All other modern programming languages provide a way to make concurrent memory reads and writes that do not synchronize the program but also don't invalidate it (don't count as a data race). C, C++, Rust, and Swift have relaxed atomics. Java has VarHandle's “plain” mode. JavaScript has non-atomic accesses to the SharedArrayBuffer (the only shared memory). Go has no way to do this. Perhaps it should. I don't know.

(Go 1.19には導入されない)

robpike, https://github.com/golang/go/discussions/47141#discussioncomment-996275 (2021-07-13)

I would argue strongly against adding unsynchronized atomics, to keep with the philosophy of enough is enough, and the subtlety of adding more operations with different semantics.
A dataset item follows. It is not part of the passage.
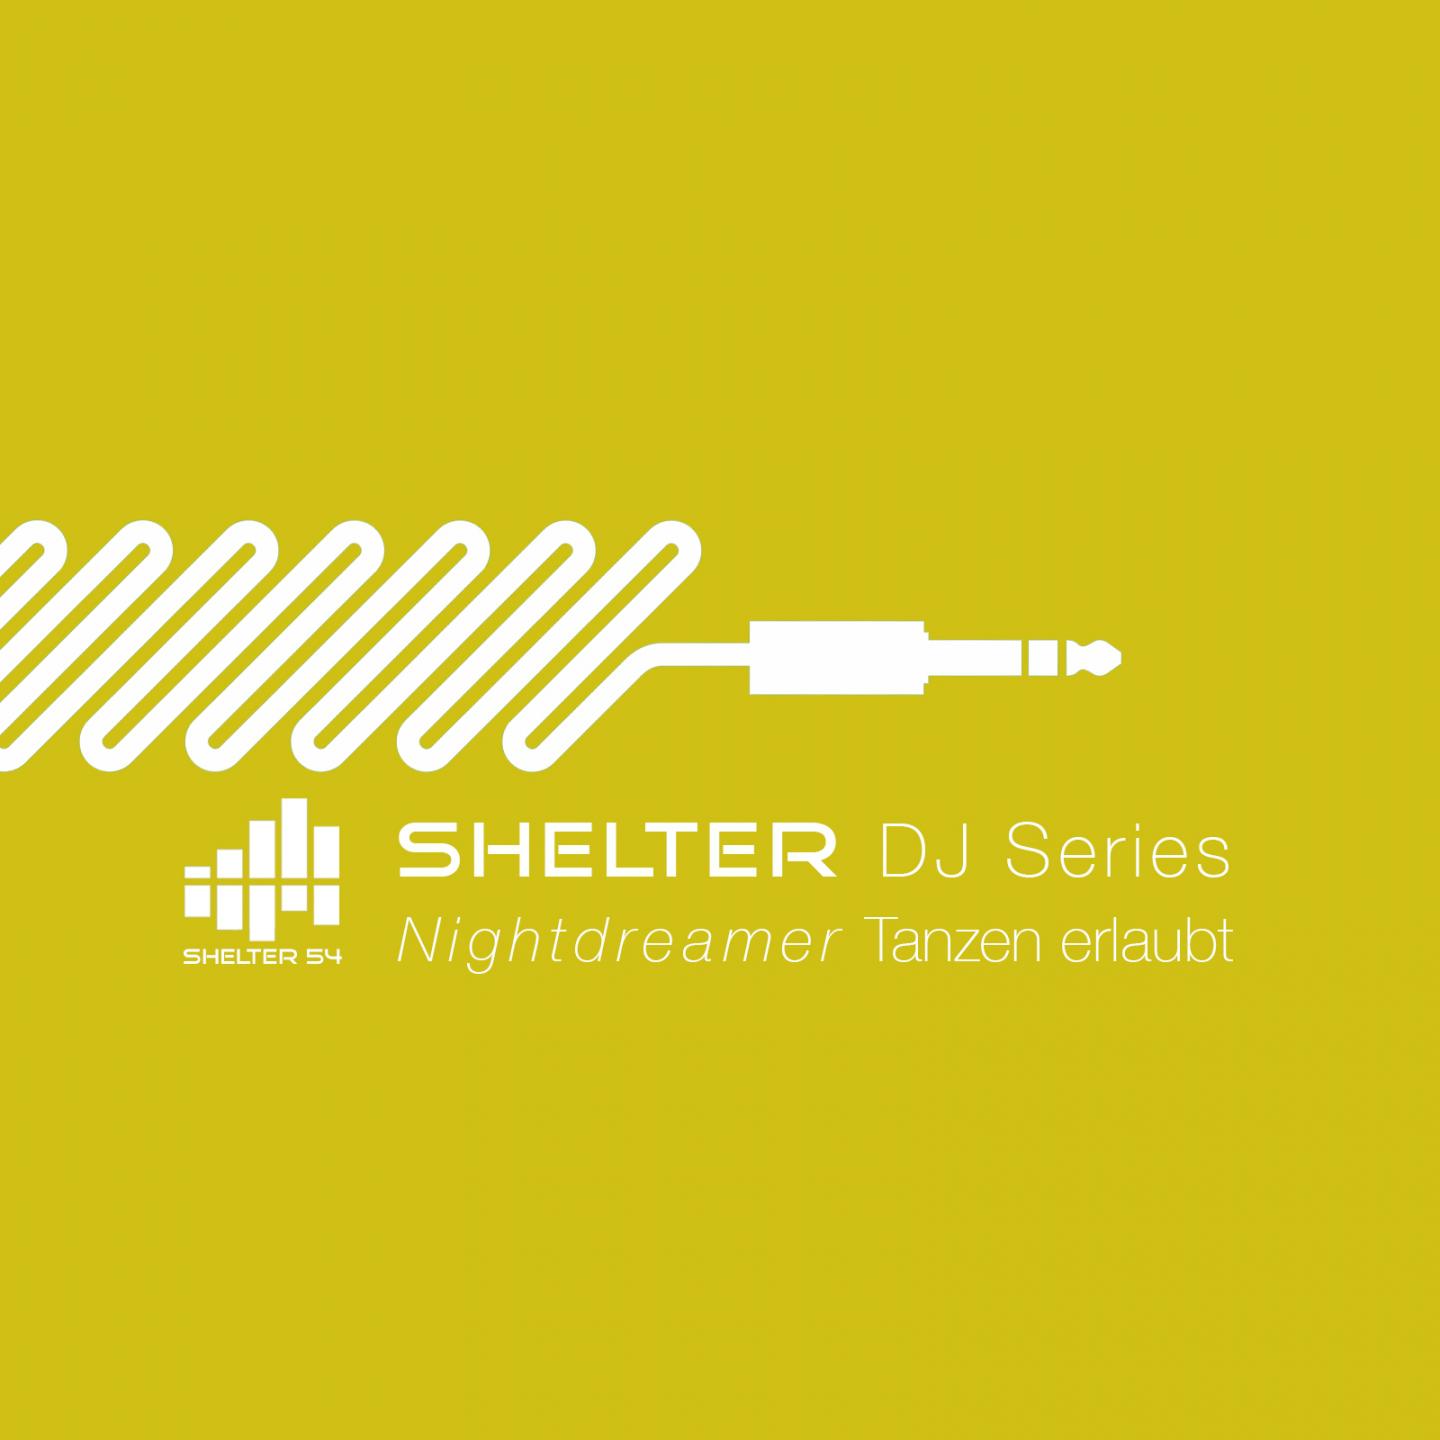 Shelter 54 DJ Series Tanzen erlaubt by Nightdreamer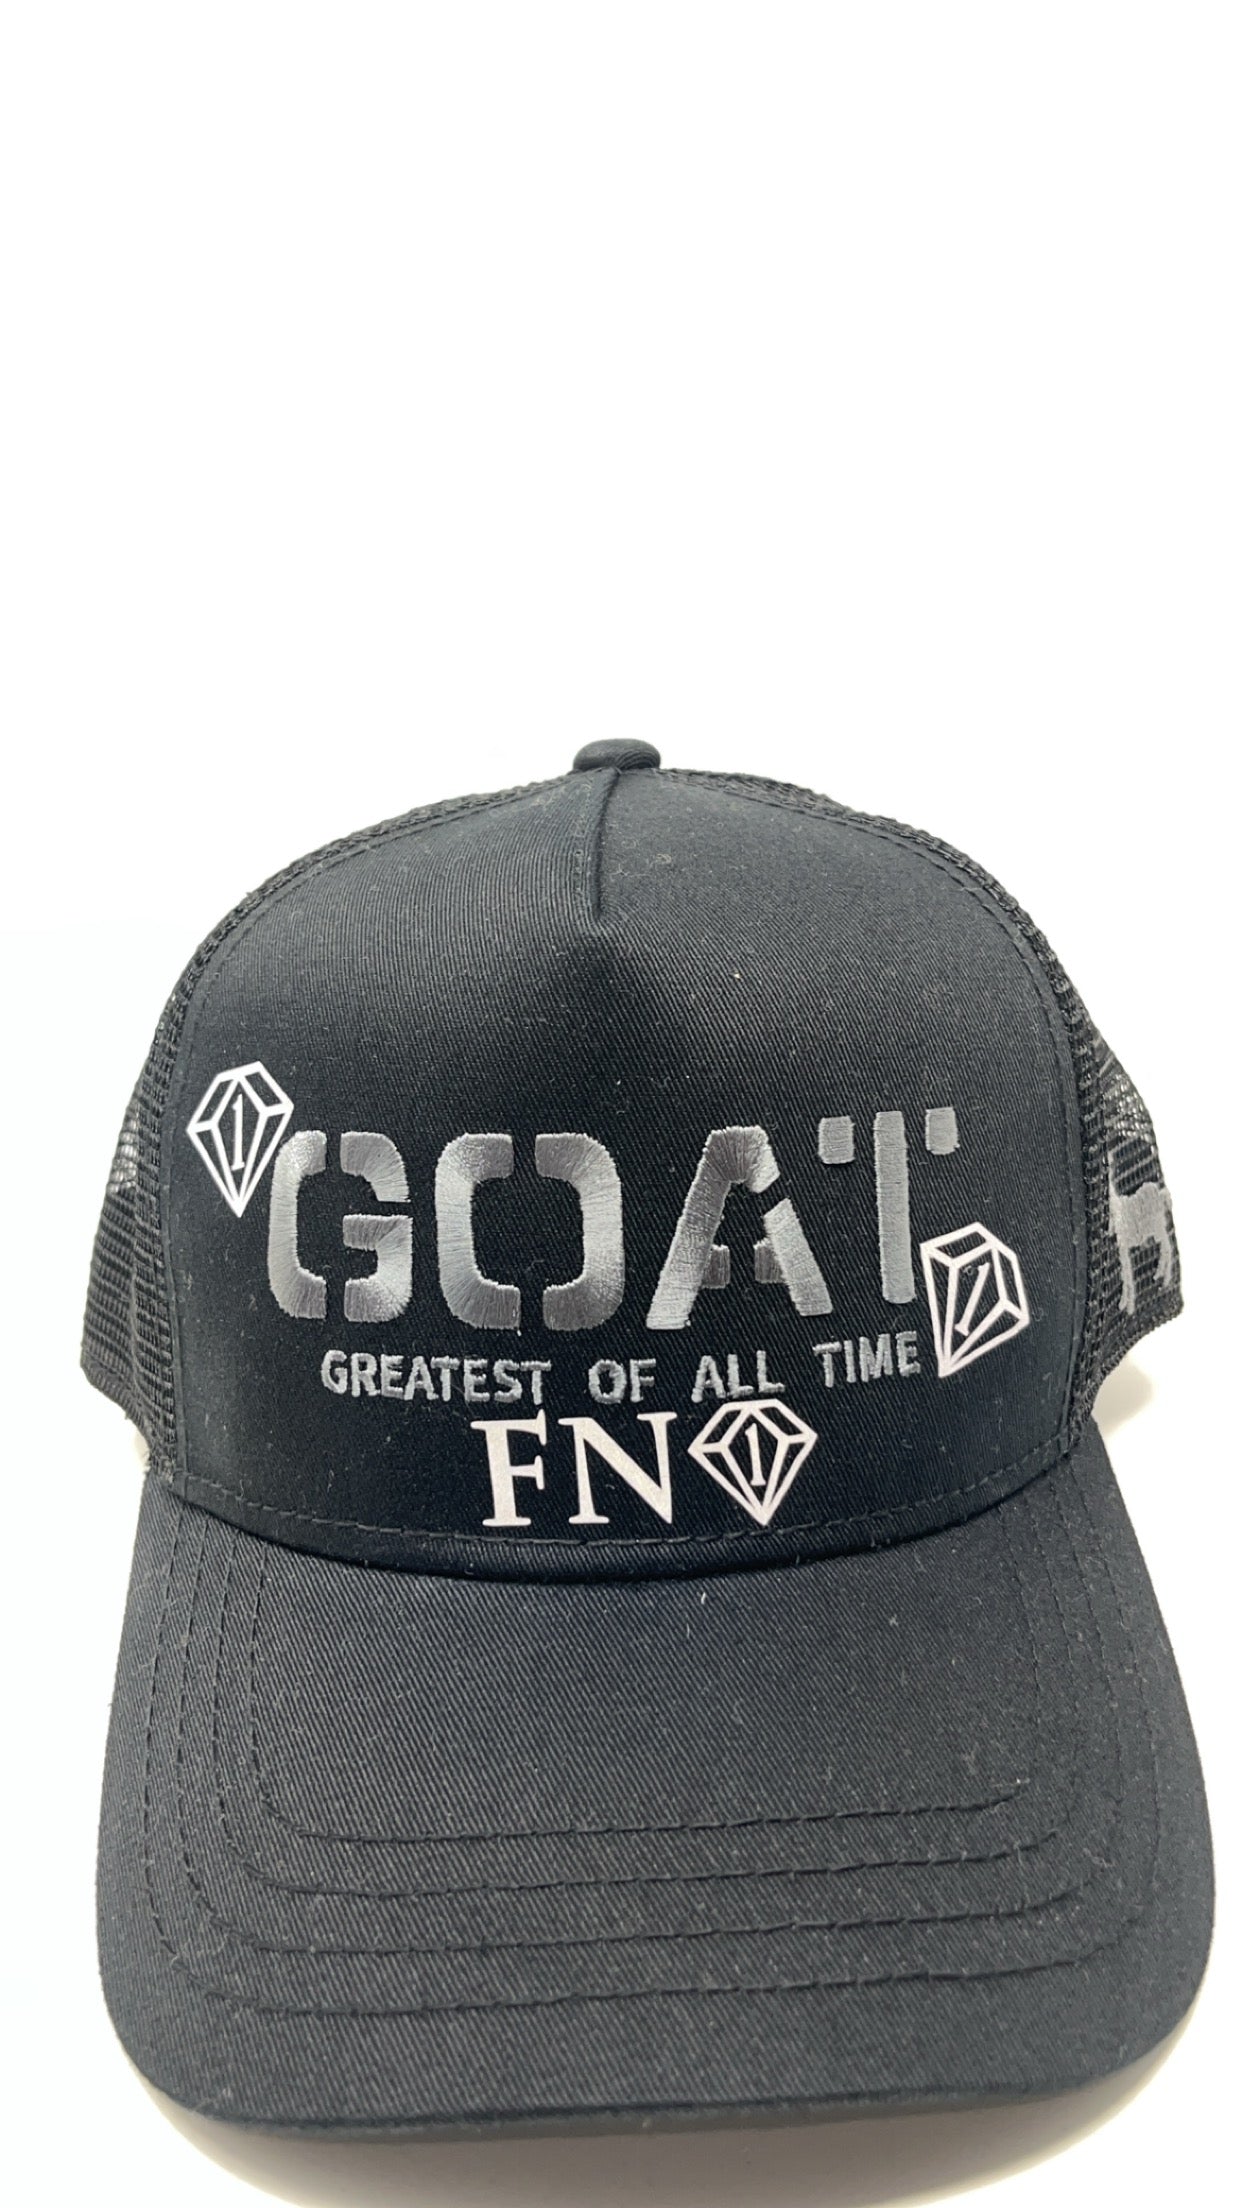 G.O.A.T. Trucker hat

Document disallowed compiler optimizations

The Go memory model restricts compiler optimizations as much as it does Go programs. Some compiler optimizations that would be valid in single-threaded programs are not valid in Go programs. In particular, a compiler must not introduce a data race in a race-free program. It must not allow a single read to observe multiple values. And it must not allow a single write to write multiple values.

Conclusion

Go's general approach of being conservative in its memory model has served us well and should be continued. There are, however, a few changes that are overdue, including defining the synchronization behavior of new APIs in the sync and sync/atomic packages. The atomics in particular should be documented to provide sequentially consistent behavior that creates happens-before edges synchronizing the non-atomic code around them. This would match the default atomics provided by all other modern systems languages.

Perhaps the most unique part of the update is the idea of clearly stating that programs with data races may be stopped to report the race but otherwise have well-defined semantics. This constrains both programmers and compilers, and it prioritizes the debuggability and correctness of concurrent programs over convenience for compiler writers.